Były poseł został oskarżony o wyłudzenia. Jako pełnomocnik firmy sprzedającej meble - miał oszukać pracowników banków i klientów.
Część osób zgodziła się wziąć na siebie kredyty, chociaż nie dostała ani pieniędzy ani mebli, ale były też osoby, które musiały spłacać kredyty, których nigdy nie zaciągnęły. Według prokuratury, kwota wyłudzeń w tej sprawie to prawie 88 tysięcy złotych.
Oskarżony nie przyznaje się do winy. Jego proces trwa już ponad pięć lat. Postępowanie mogłoby się już zakończyć, gdyby nie to, że oskarżony przestał przychodzić do sądu przedstawiając zwolnienia lekarskie.
Pojawiły się wątpliwości, czy były poseł faktycznie choruje, bo prokuratura złapała go na tym, że na zwolnieniu lekarskim pojechał na wakacje do Turcji. W tym czasie była wyznaczona kolejna rozprawa.

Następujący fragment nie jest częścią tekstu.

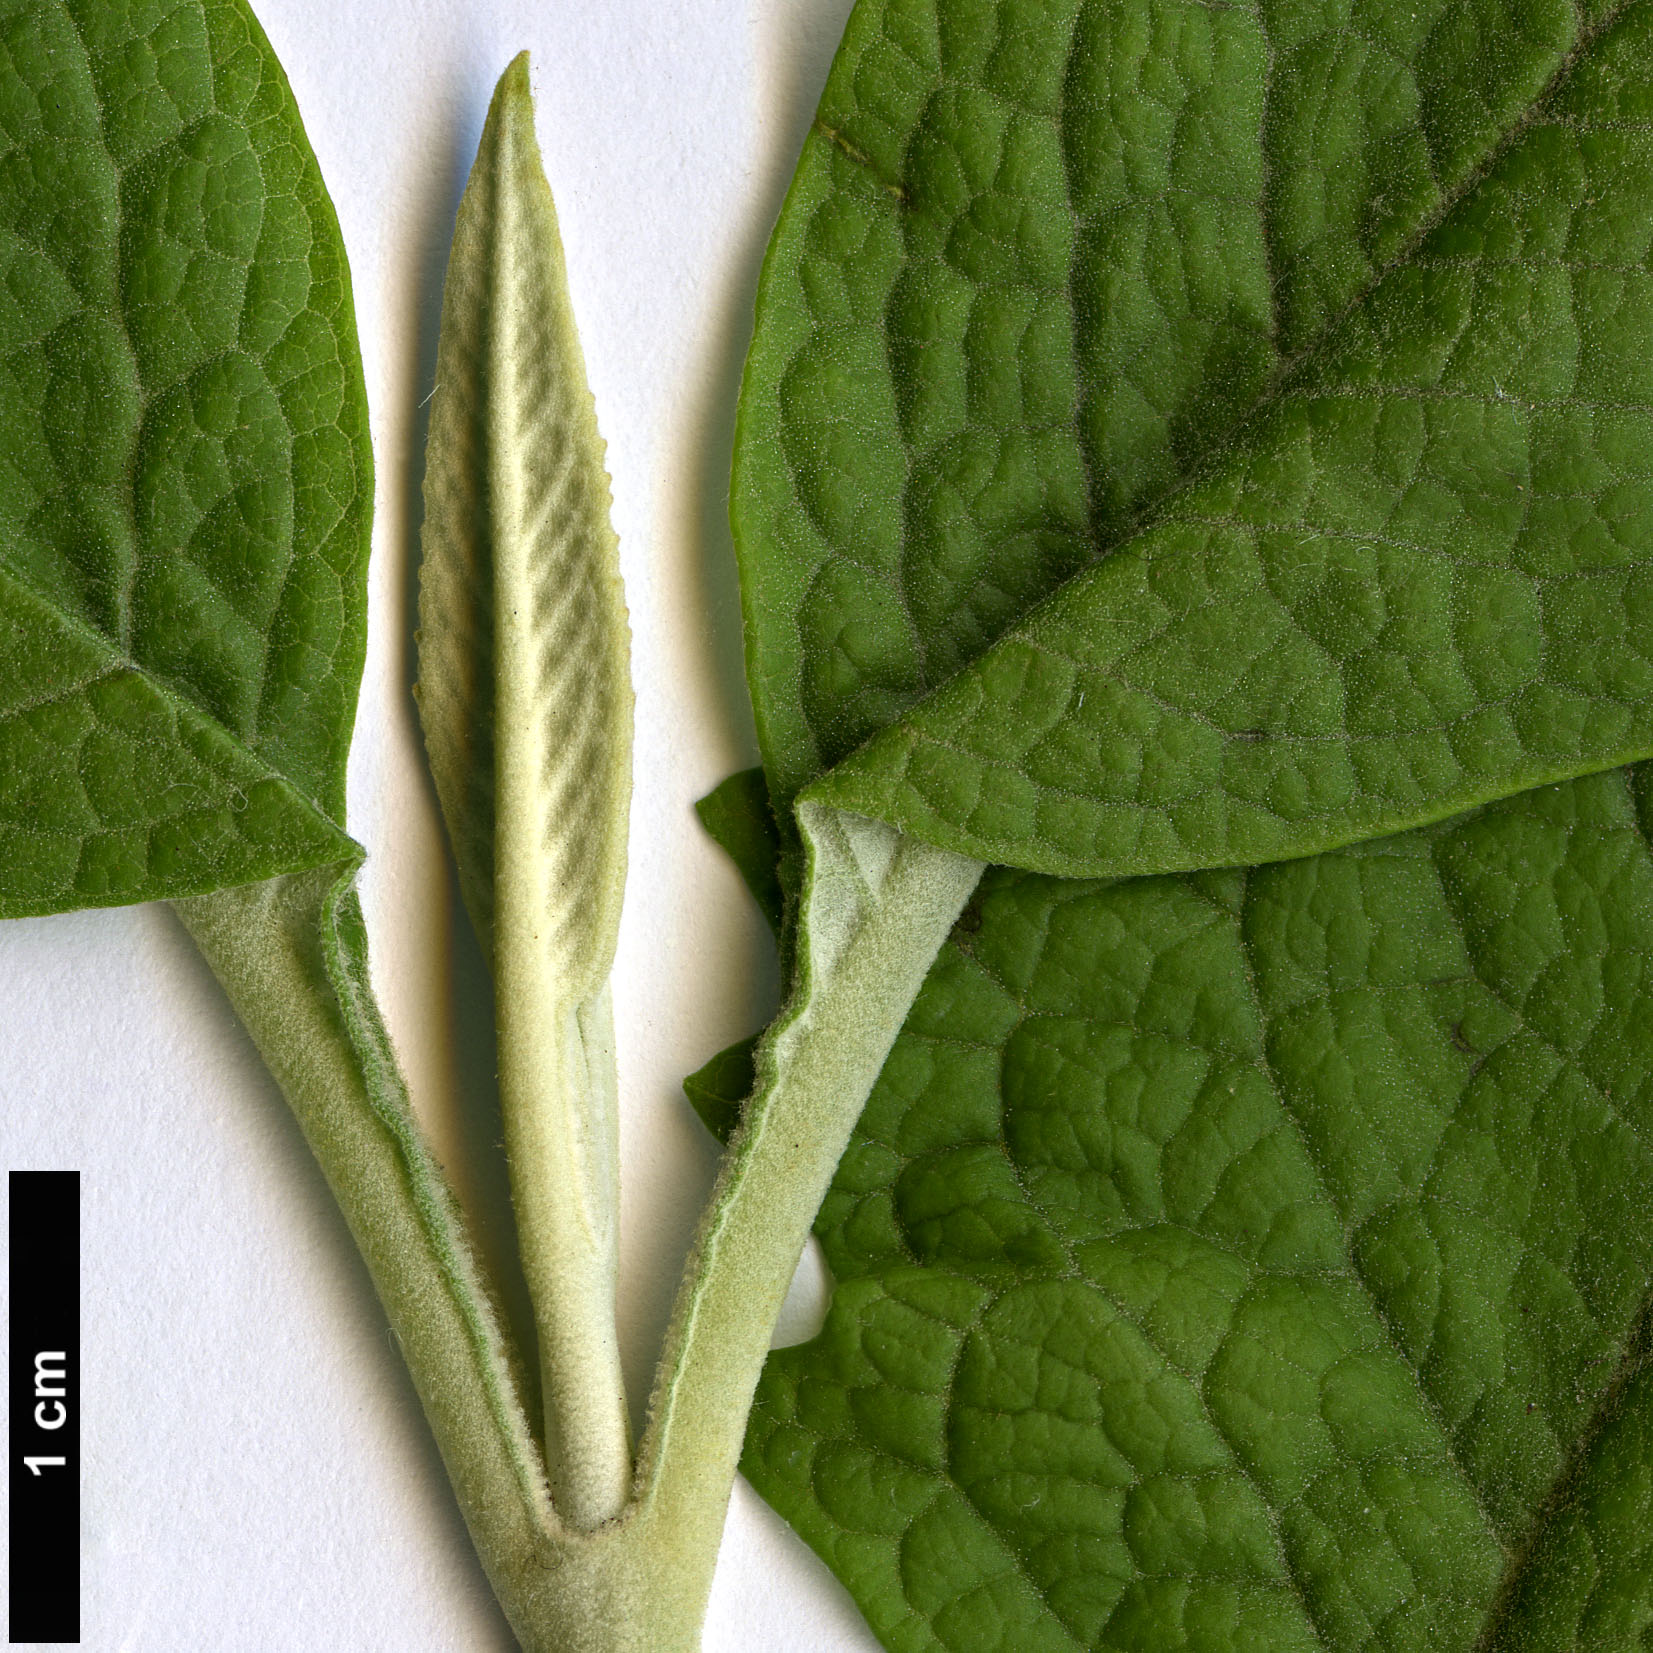 High resolution image: Family: Scrophulariaceae - Genus: Buddleja - Taxon: tucumanensis
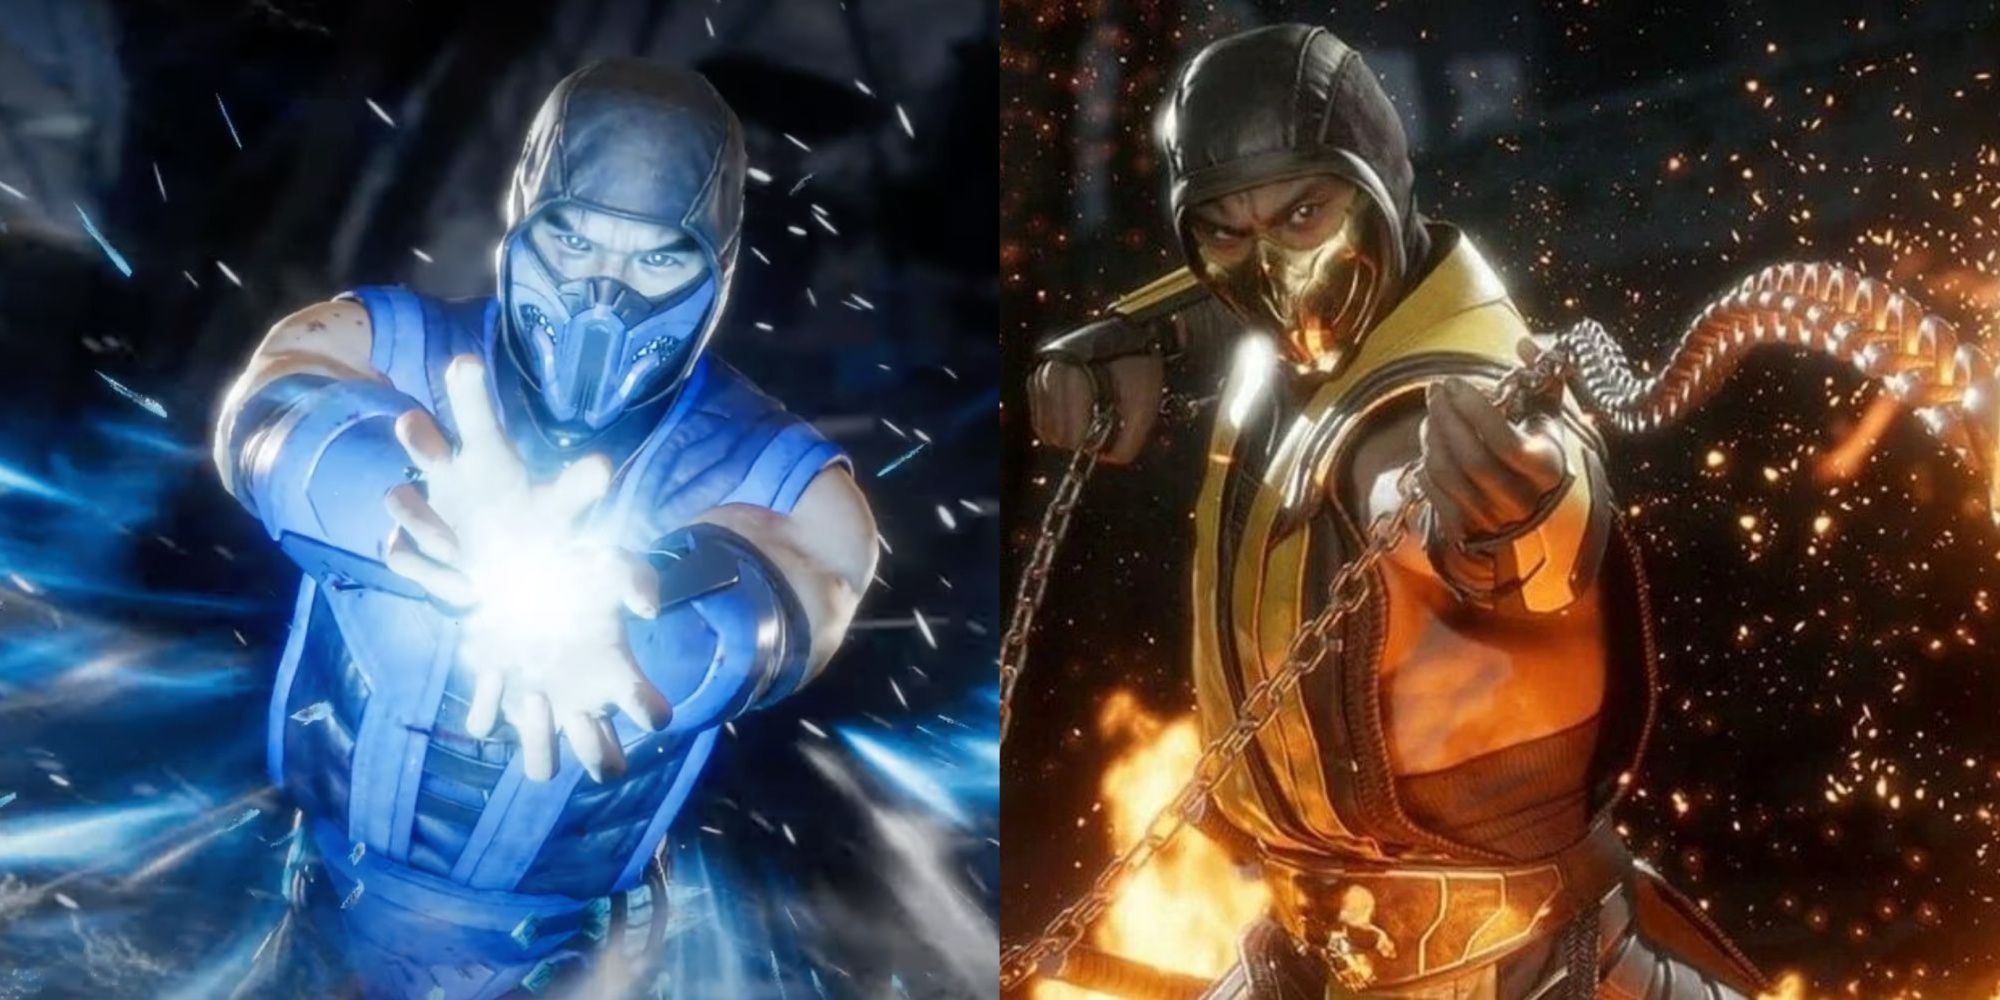 The Complete History Of Scorpion And Sub-Zero's Rivalry In Mortal

Prokurator złożyła wniosek o aresztowanie oskarżonego, ale sąd się na to nie zgodził. Zdecydował natomiast o przebadaniu oskarżonego przez biegłych. Na razie do sądu wpłynęła opinia z Zakładu Medycyny Sądowej, z której wynika, że gdy nie dochodzi u oskarżonego do zaostrzeń choroby, może uczestniczyć w rozprawach. Teraz Tomasza G. czekają jeszcze badania psychiatryczne.